Michael Jackson e l’uomo nero – racconto terzo

Negli anni sessanta l’America si caratterizzava per la recrudescenza delle discriminazioni razziali, negli Stati del sud il senatore George Wallace proponeva leggi penalizzanti gli afroamericani. Alle Olimpiadi di Città del Messico, nel 1968,  gli atleti di colore Tommie Smith e John Carlos, vincitori della gara dei 400 metri, durante la cerimonia di premiazione diedero vita a una delle più clamorose proteste della storia dei Giochi olimpici: sul podio scalzi, ascoltarono l’inno nazionale a capo chino, sollevando un pugno guantato di  nero, simbolo del movimento di liberazione che rifiutava la prassi nonviolenta di Martin Luther King, le “Black Panthers”.

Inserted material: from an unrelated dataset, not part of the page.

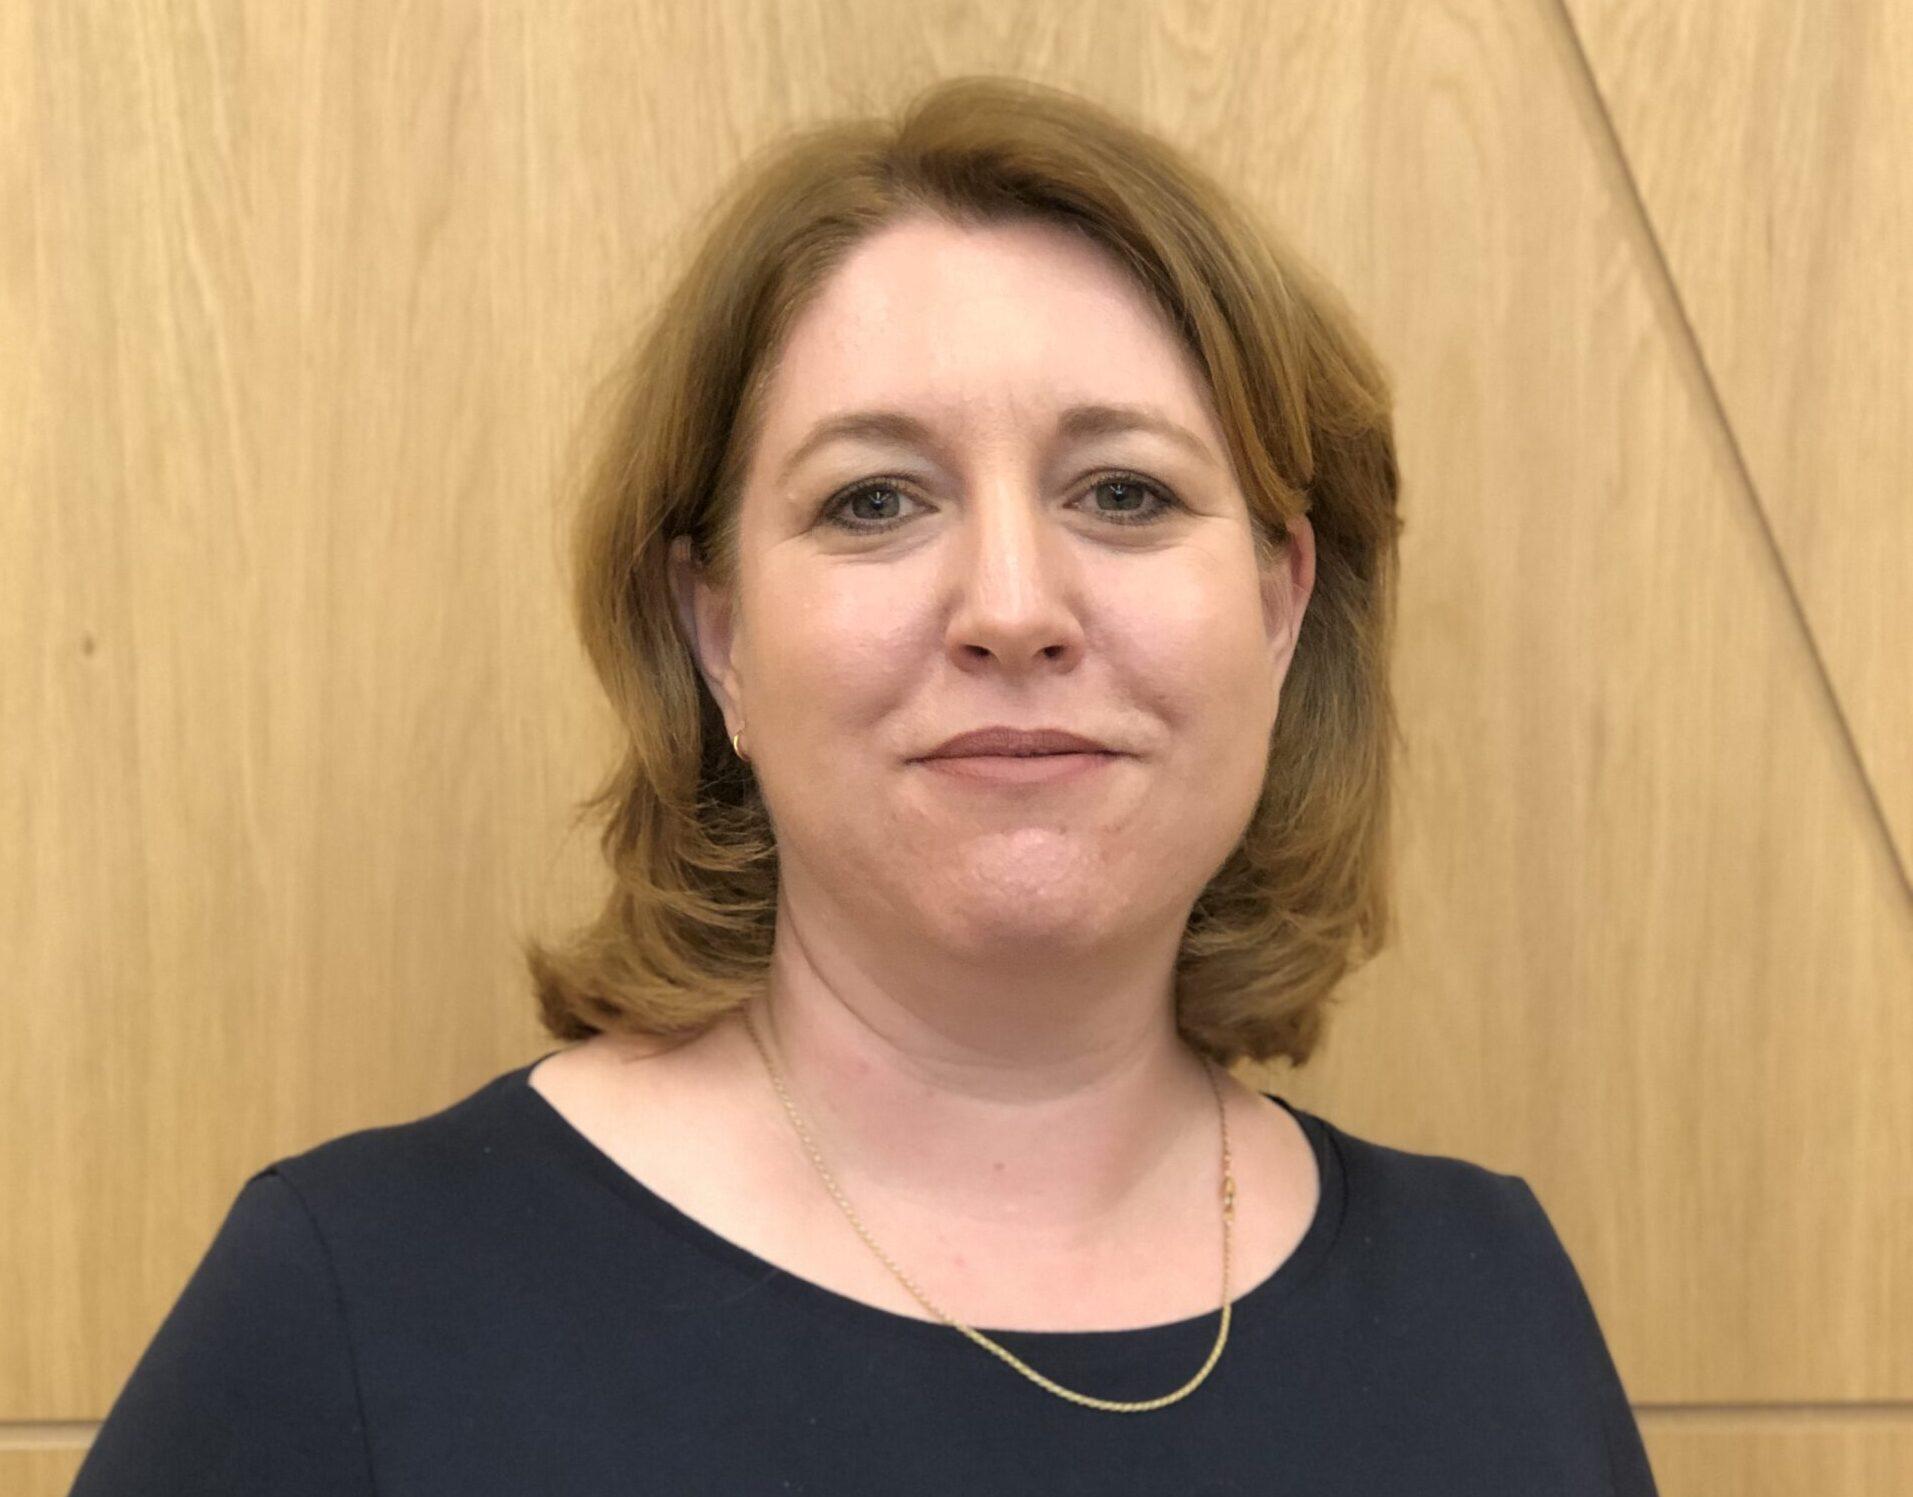 Susanne Tempel - Foto: Raad voor de rechtspraak

Era un invito alla rivolta: la cronaca registrò nuovi tumulti razziali, scontri e vittime.  E in quel clima la “black music” non poteva che ritrovarsi ghettizzata. Ma nel mondo si sentiva anche un vento misterioso di cambiamento, con segnali troppo poco percettibili per essere compresi.

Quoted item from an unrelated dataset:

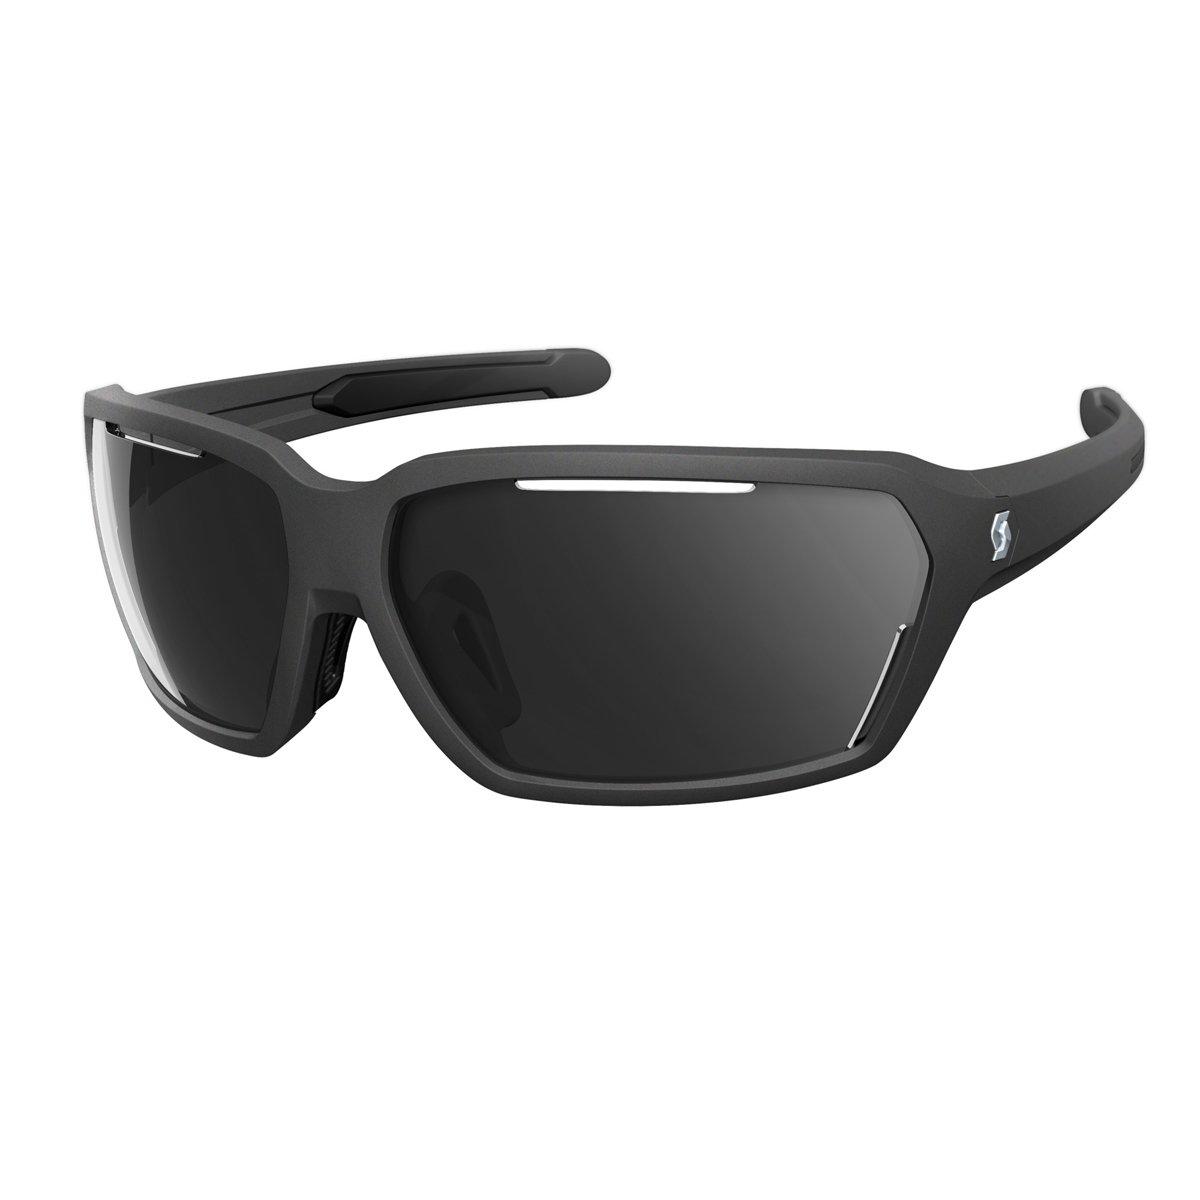 Scott Vector Fahrrad Brille schwarz/grau

Fino al 1934 l’Apollo Theatre nel quartiere nero di Harlem, a nord di Manhattan,  accoglieva solo bianchi. L’arrivo di nuovi proprietari  consentì finalmente l’ingresso agli artisti di colore e presto divenne uno dei luoghi sacri del jazz di New York. Il pubblico dell’Apollo, a quel tempo,  era fatto di  scalmanati che potevano accoglierti con vere standing ovation oppure, se non gli piacevi,  tirarti dietro qualsiasi cosa. Nel 1968 Joe iscrisse i suoi figli a un concorso indetto da questo teatro sempre più prestigioso.

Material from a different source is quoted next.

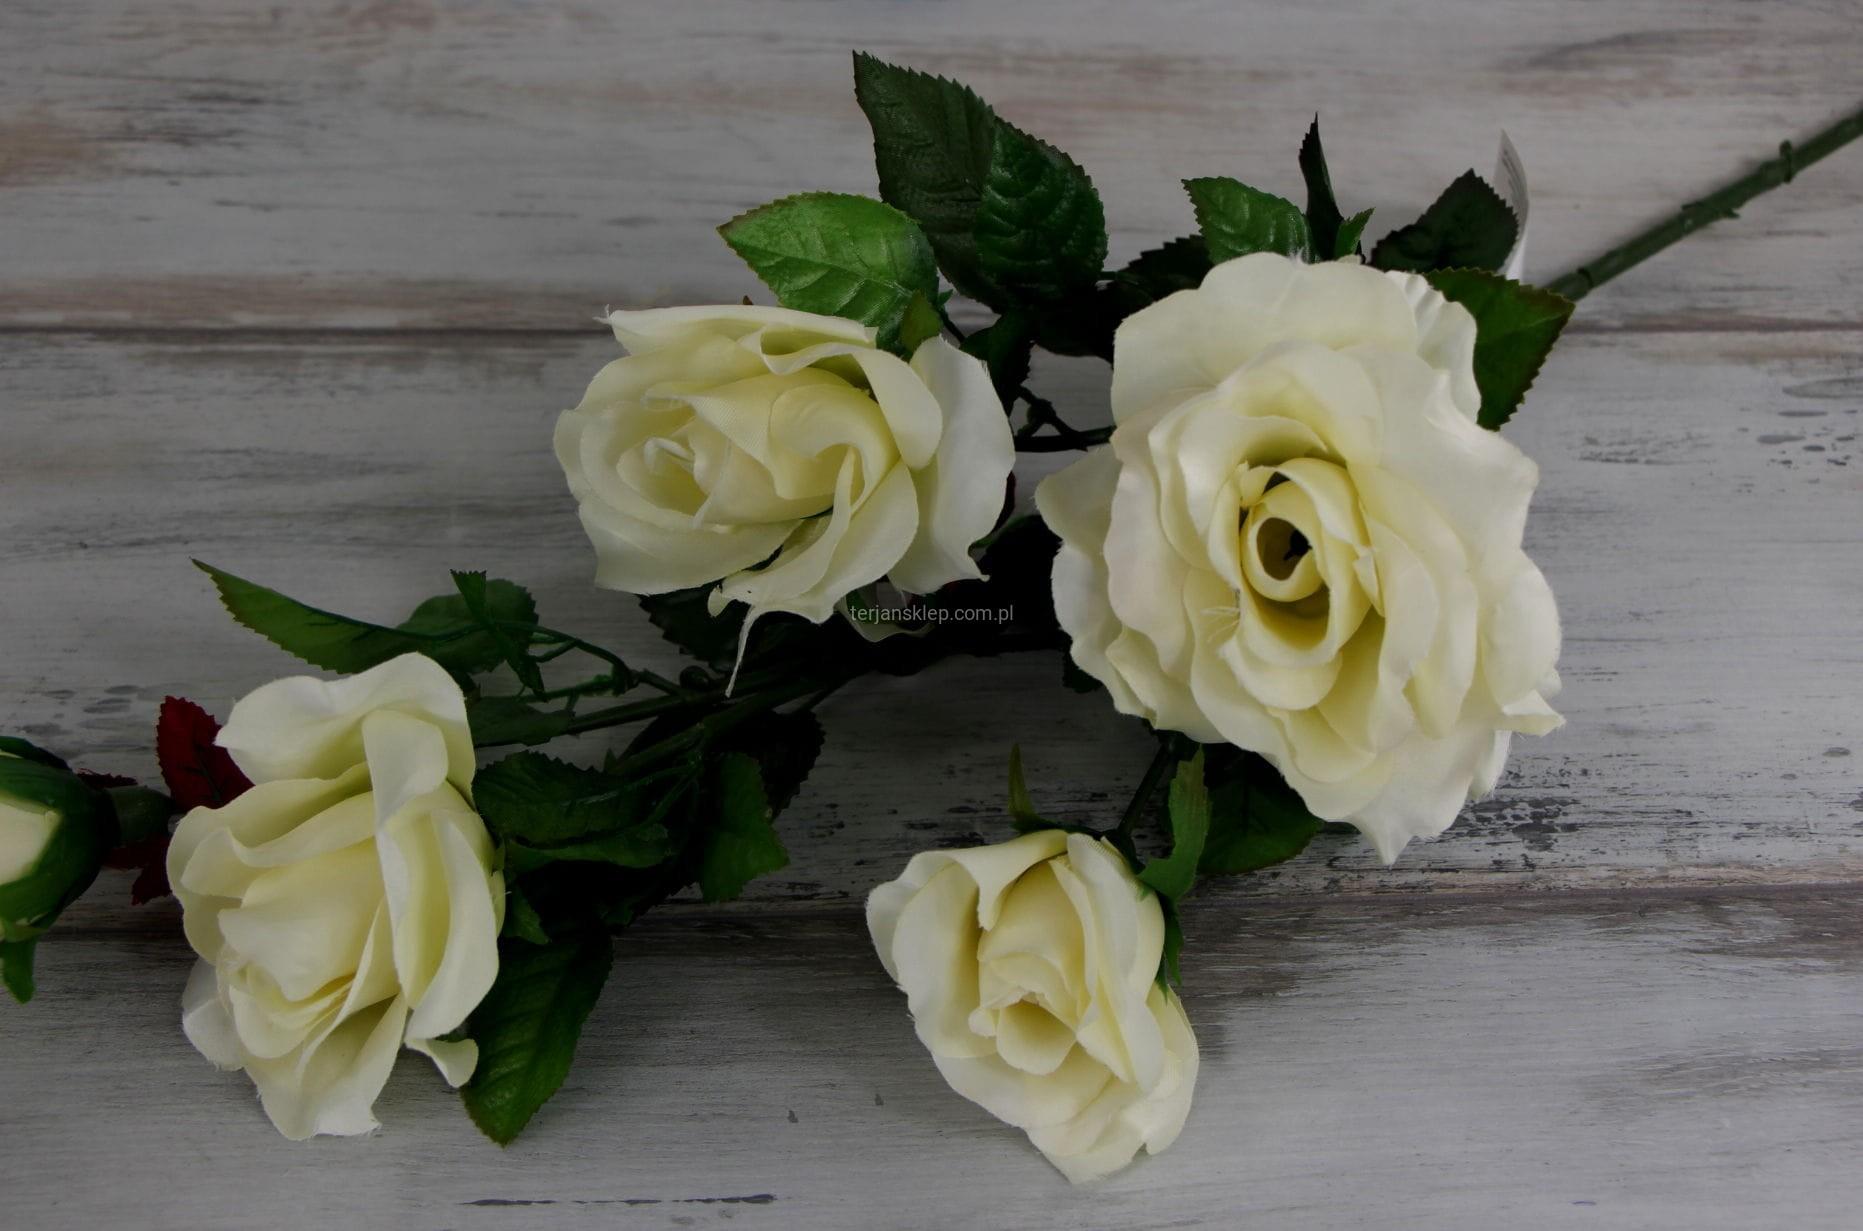 01b691ff710e44 Róża gał. C1237 B krem - Sklep internetowy TERJAN hurtownia kwiatów ...

Michael che fino a quel momento aveva frequentato locali di secondo e terzo ordine tra Gary e Chicago, ai quali li accompagnava Joe con  un macilento furgone Volkswagen, era elettrizzato dallo sbarco nella Grande Mela. Aveva solo dieci anni, ma il desiderio di emergere era connaturato alla sua indole, all’ educazione, alla sensazione dolorosa sperimentata da piccolissimo di essere amato nella misura in cui  dimostrava di valere qualcosa. Le pretese paterne, l’essere oggetto di attenzioni pubbliche,  gli avevano istillato un desiderio di perfezione. Non era mai contento di sé:  sentiva in fondo  che lui e i fratelli, qualsiasi cosa avessero fatto, sarebbero rimasti neri. Senza esserne consapevole tutta la famiglia, a cominciare dal padre, anelava al successo come affrancamento da una schiavitù antichissima.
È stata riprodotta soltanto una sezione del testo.